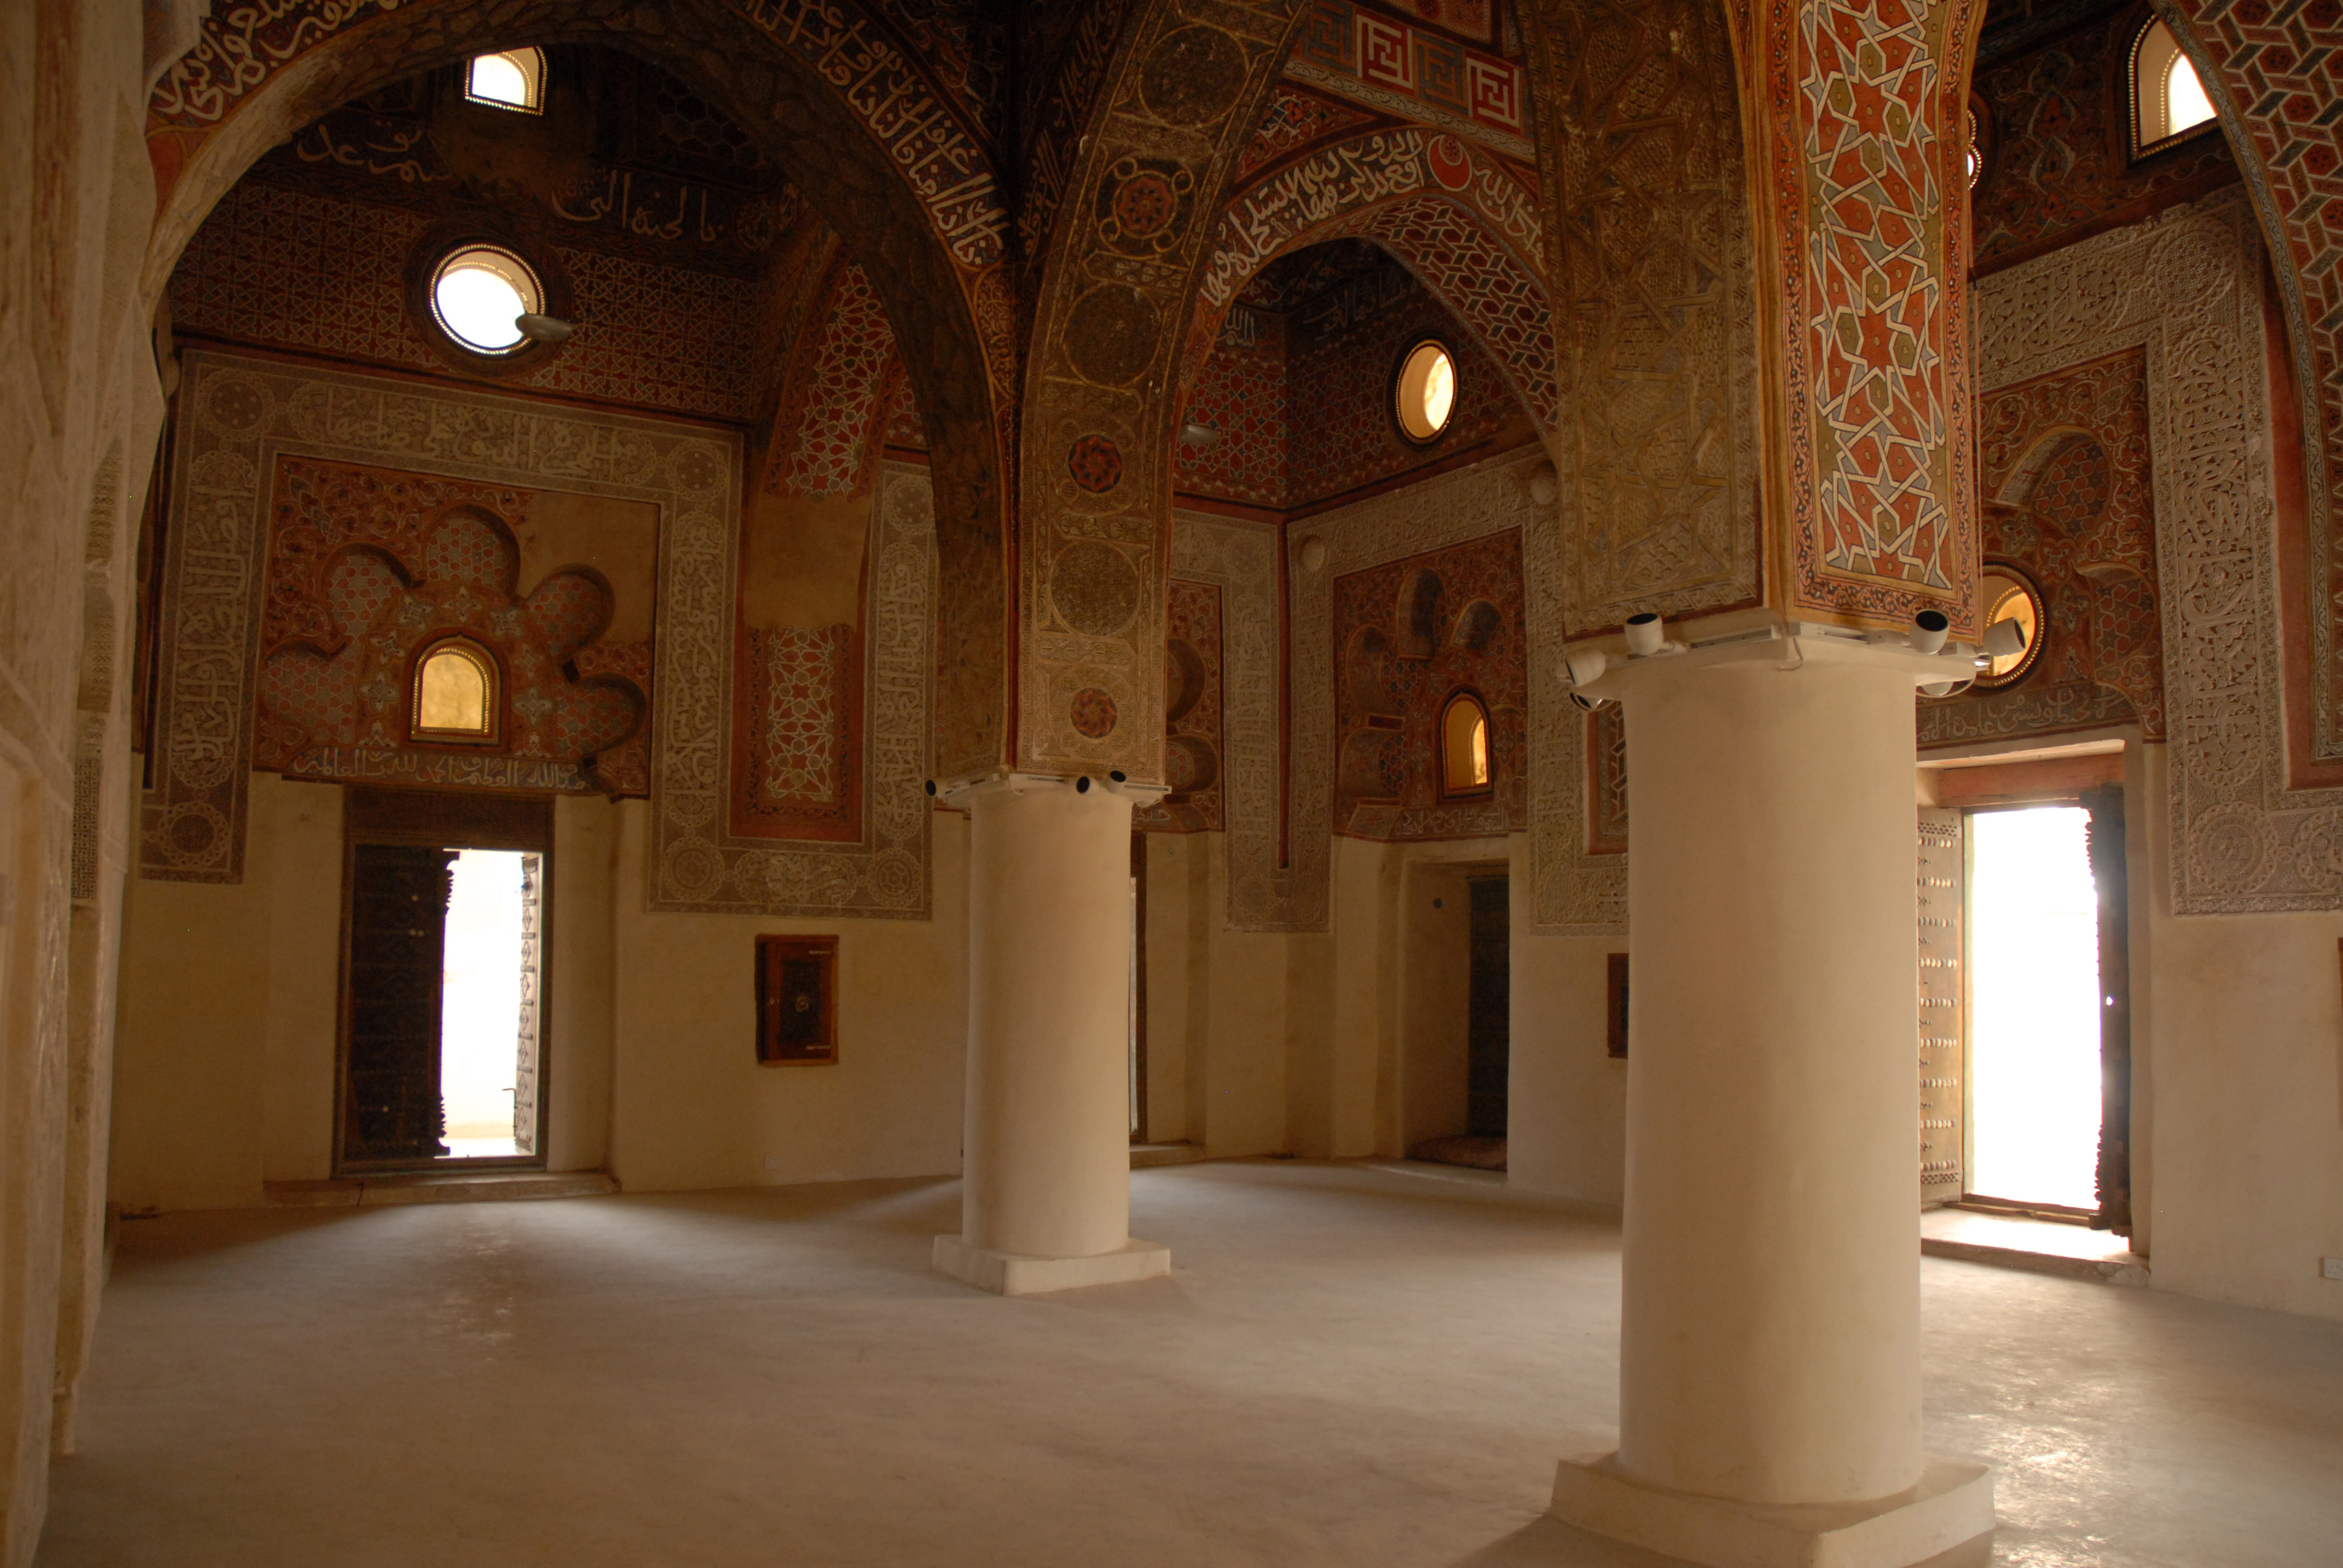 muslim art and architecture - HD3872×2592
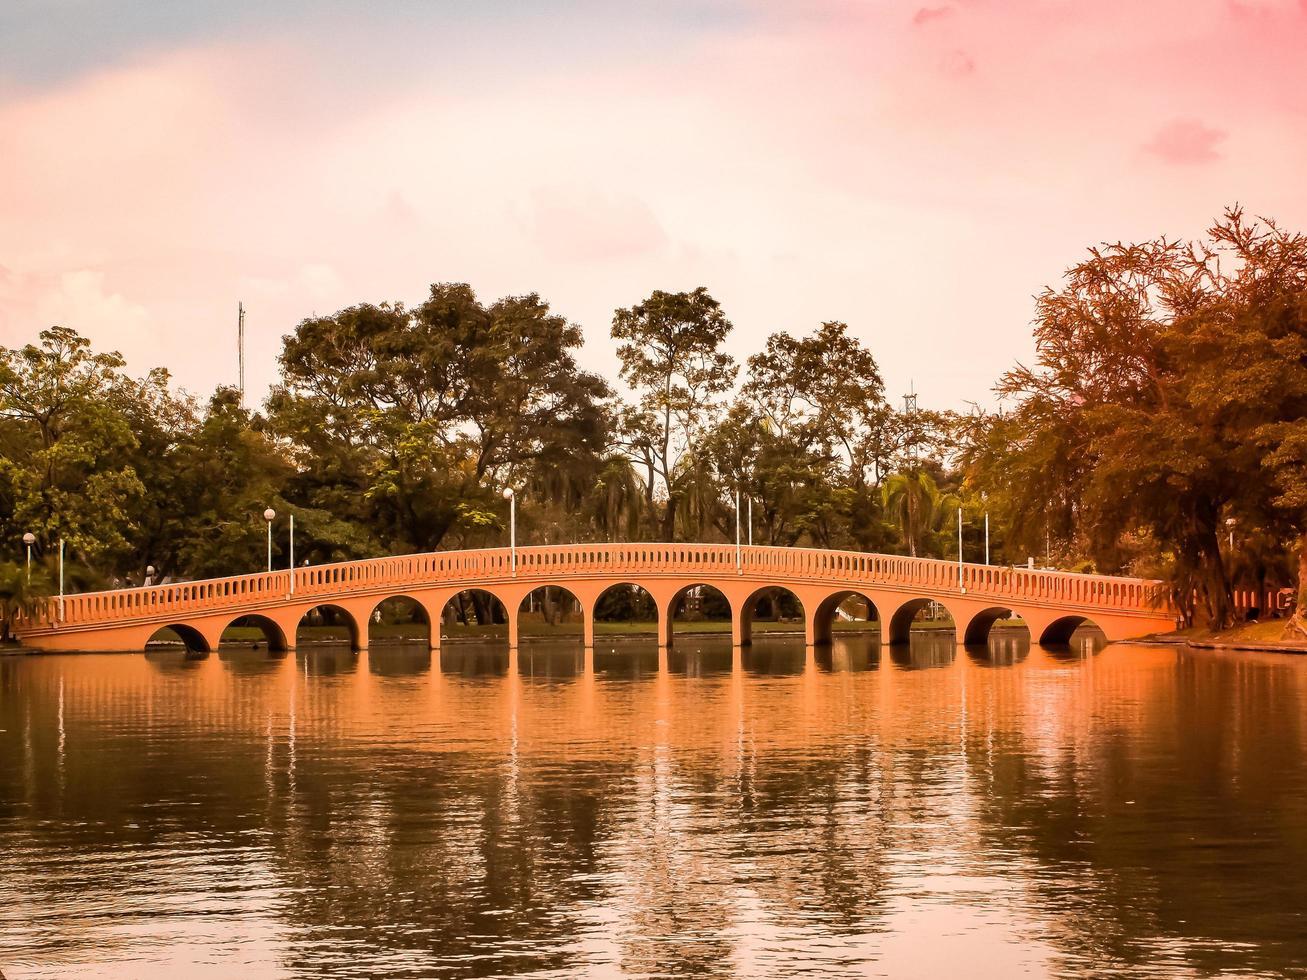 pont vintage rouge photo
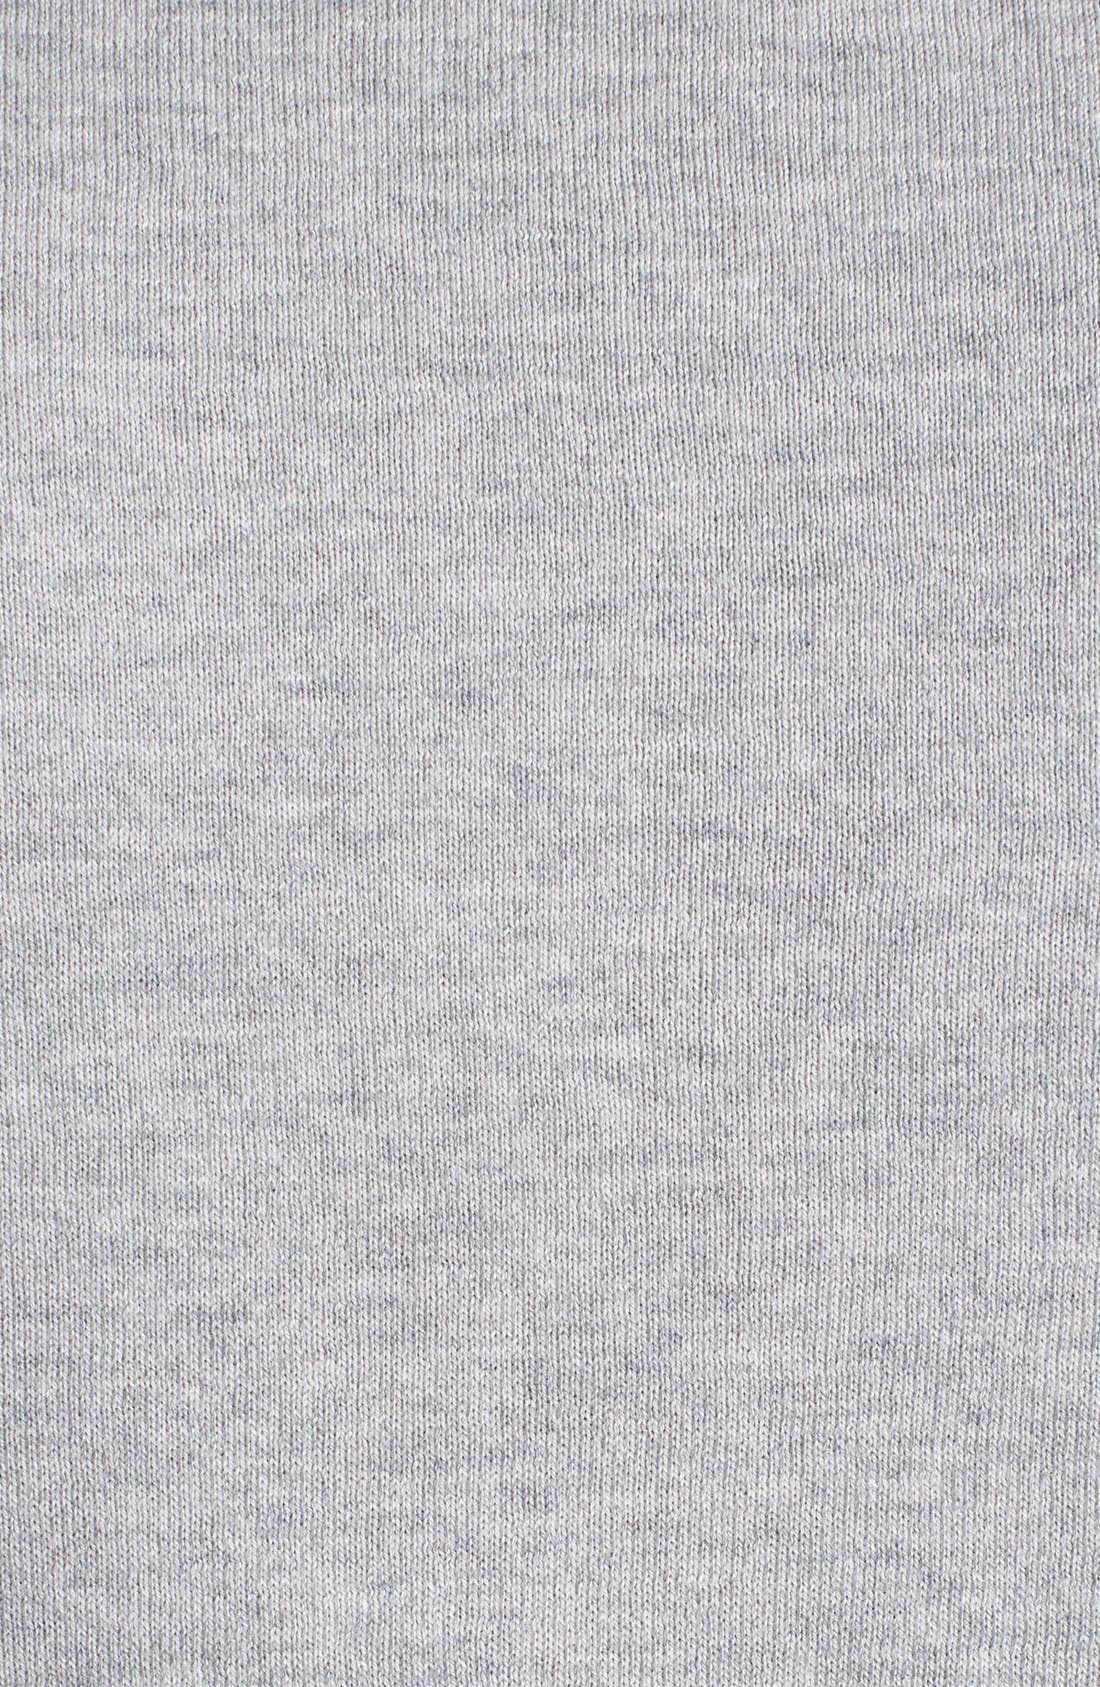 Alternate Image 3  - Burberry Brit 'Rubin' Polo
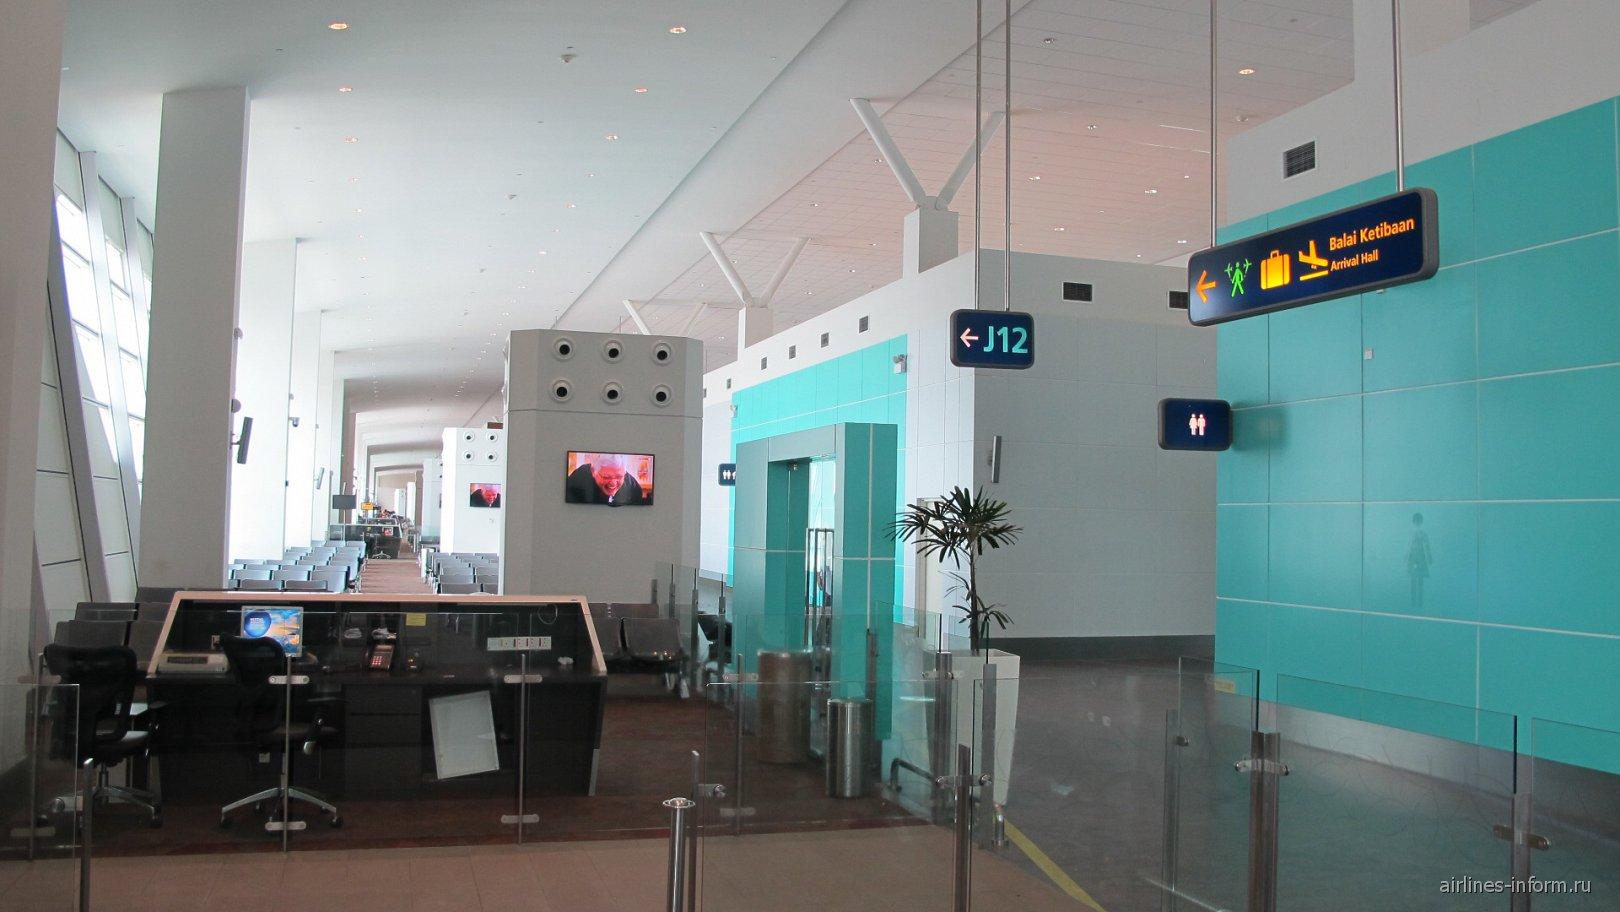 Выход на посадку в лоукост-терминале KLIA2 аэропорта Куала-Лумпур
◆ ◆ ◆
What you need to do:
Copy out all the data without changing anything, and drop the pictures.

Solution to this task:
 muslim art and architecture - HD3872×2592
 pont vintage rouge photo
 Alternate Image 3  - Burberry Brit 'Rubin' Polo
 Выход на посадку в лоукост-терминале KLIA2 аэропорта Куала-Лумпур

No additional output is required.